» What to produce
The line that contains "The original coronation" marks the start. Please set it down, with every later line of the data, exactly and without pictures.

» Input data
= Beginning of Section =

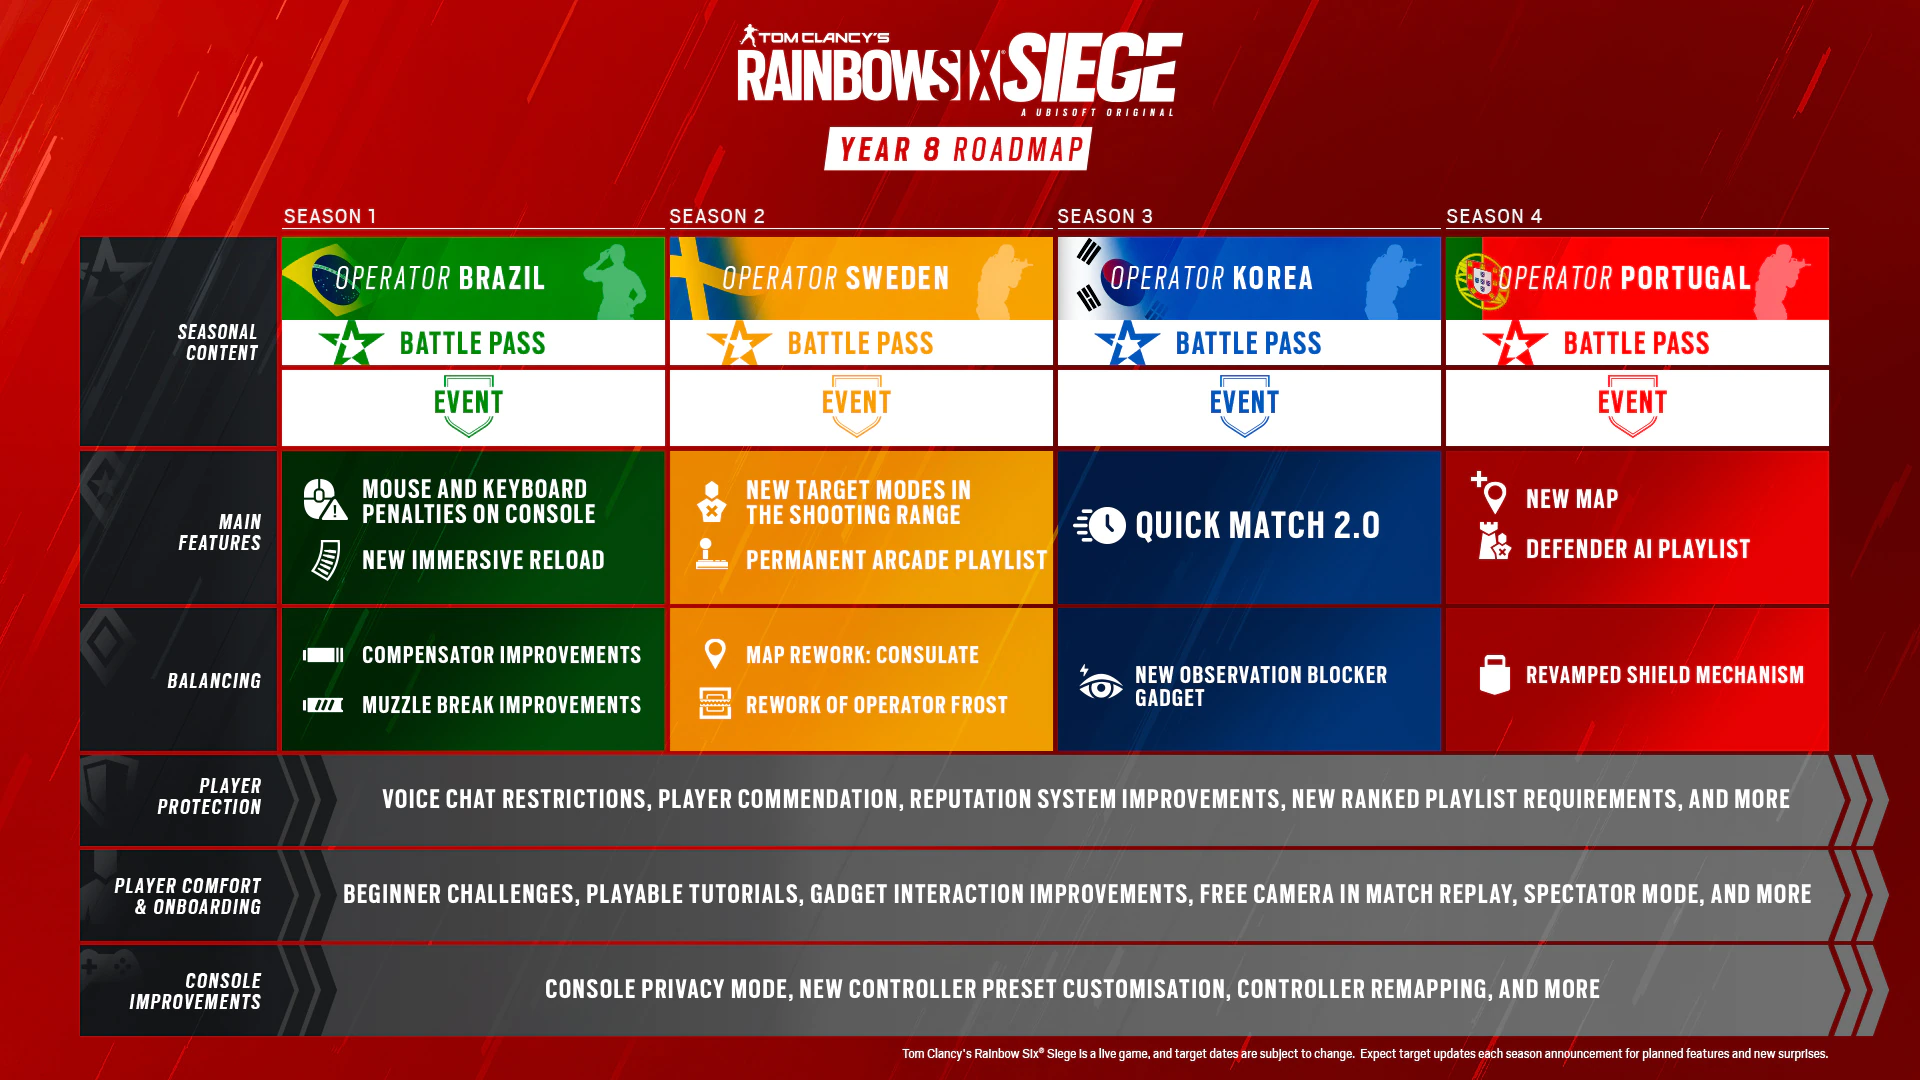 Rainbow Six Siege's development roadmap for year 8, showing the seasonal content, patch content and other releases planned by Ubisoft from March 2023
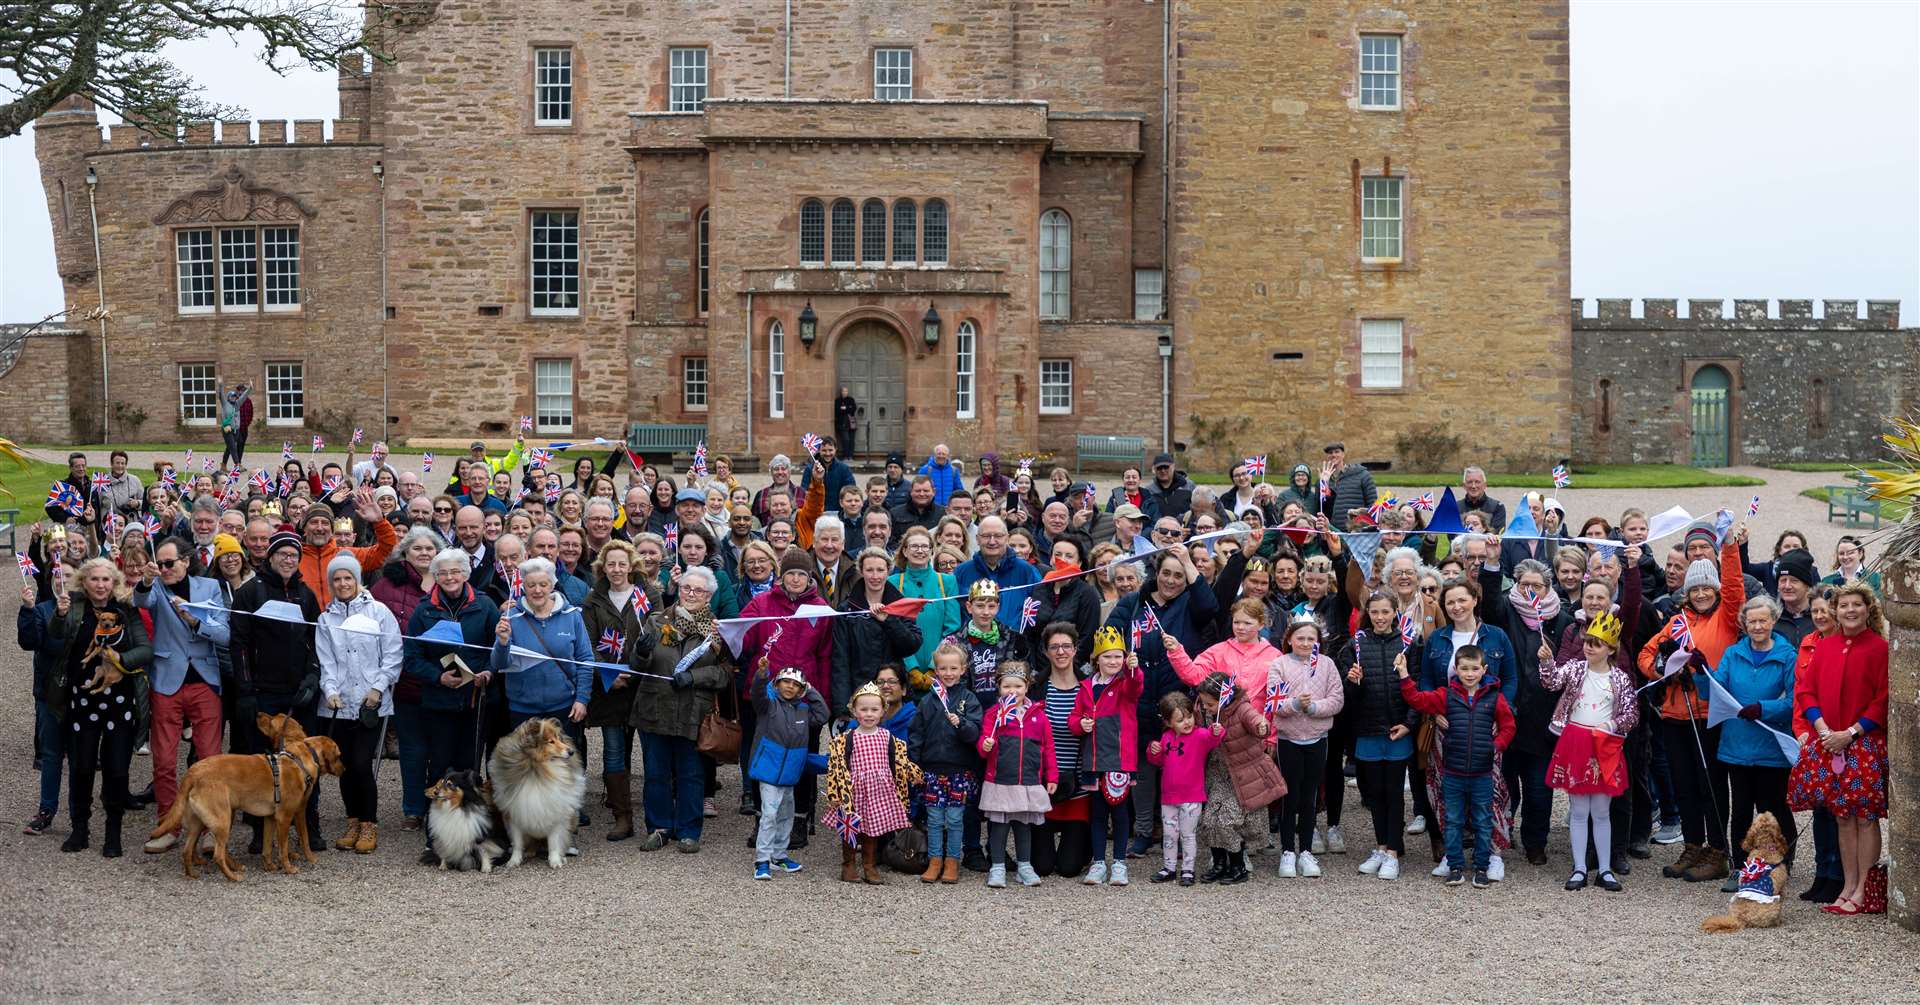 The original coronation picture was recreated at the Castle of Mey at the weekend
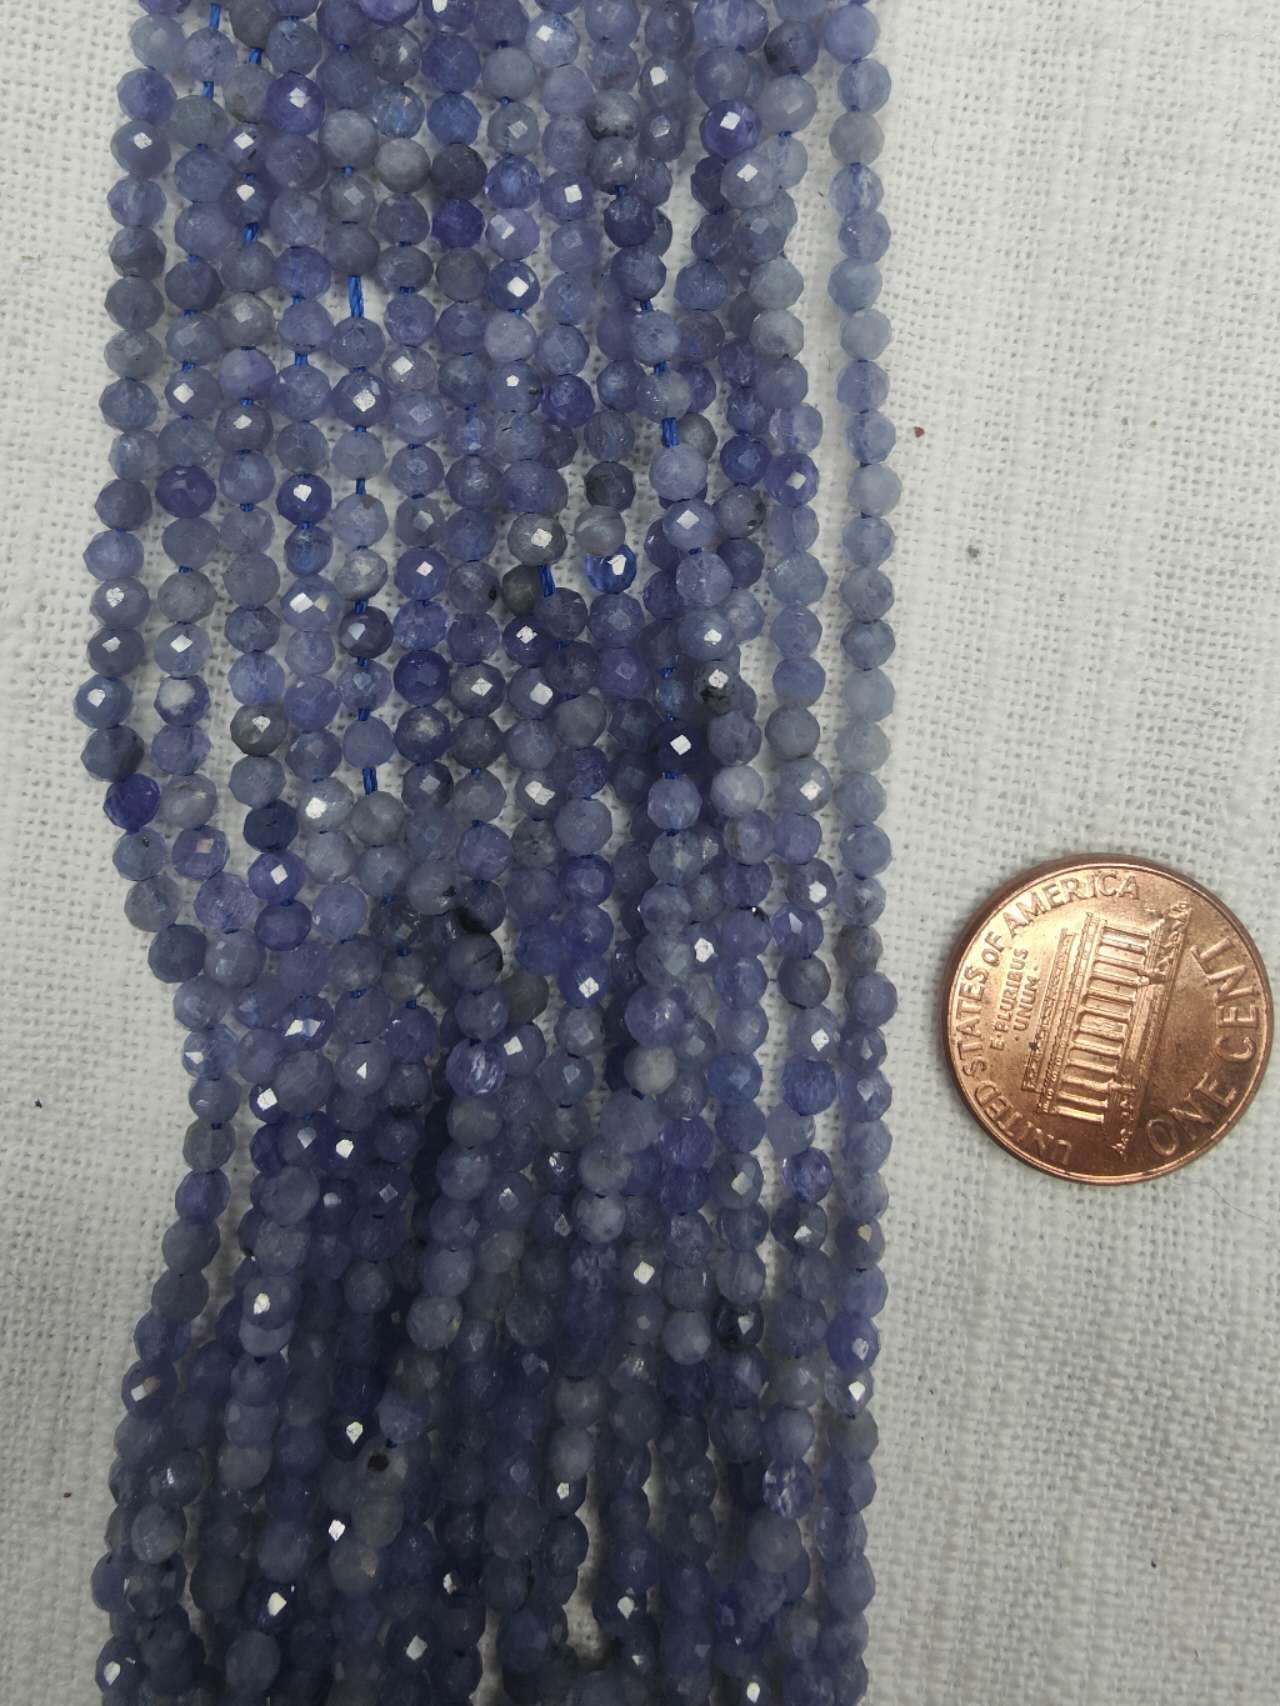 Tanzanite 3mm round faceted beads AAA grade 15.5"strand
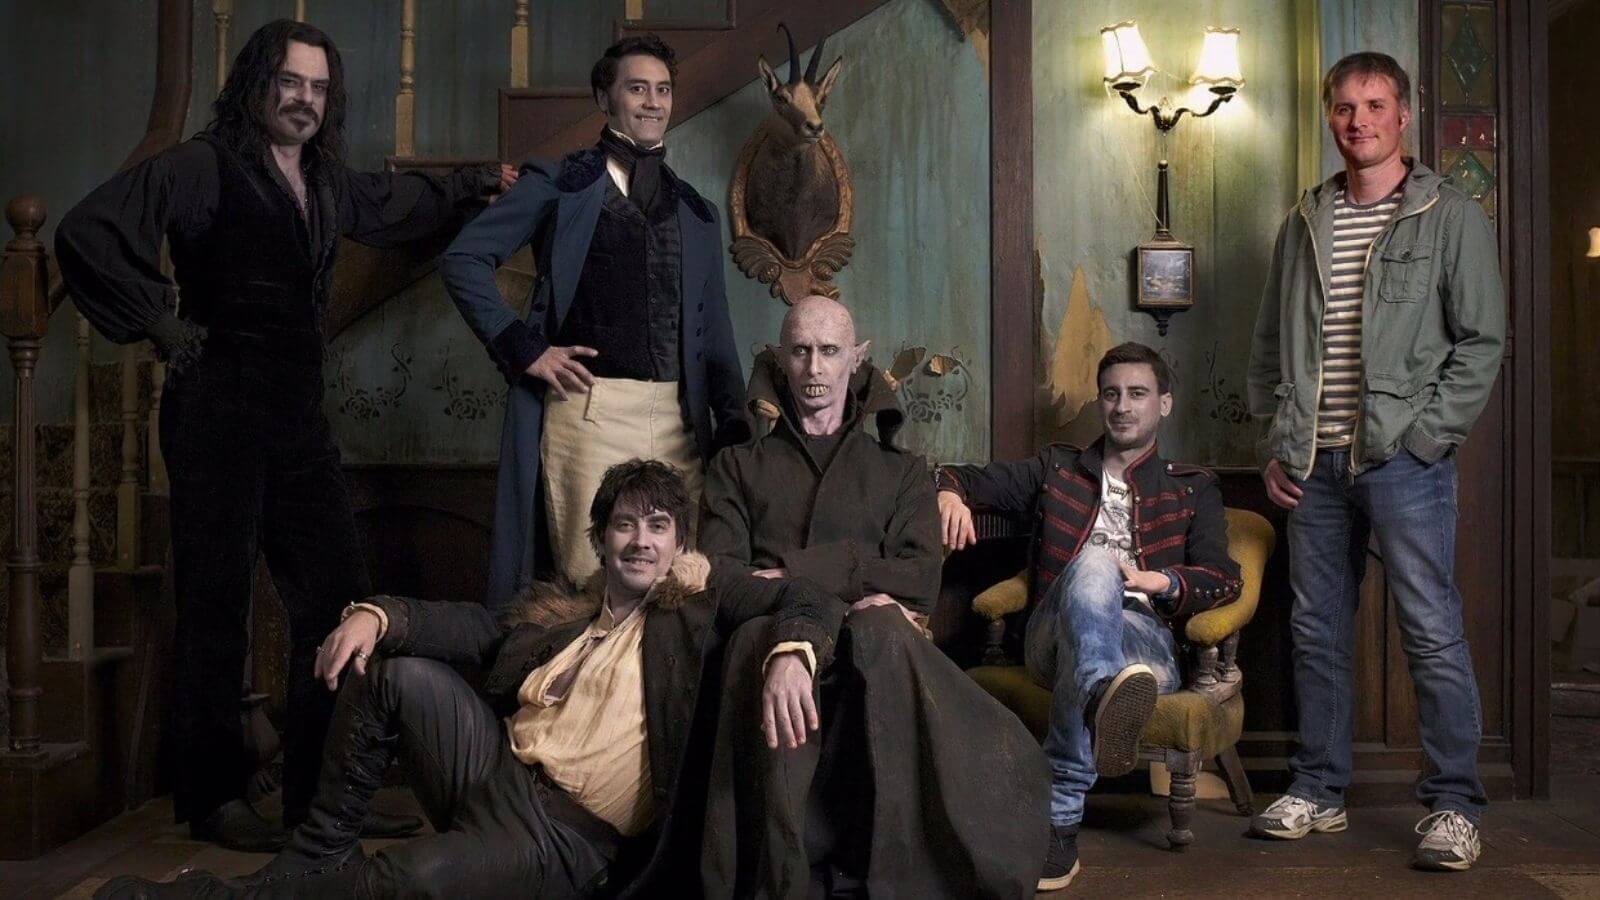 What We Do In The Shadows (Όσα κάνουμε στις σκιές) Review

= End of Section =

» Problem solution
 The original coronation picture was recreated at the Castle of Mey at the weekend
 Tanzanite 3mm round faceted beads AAA grade 15.5"strand
 What We Do In The Shadows (Όσα κάνουμε στις σκιές) Review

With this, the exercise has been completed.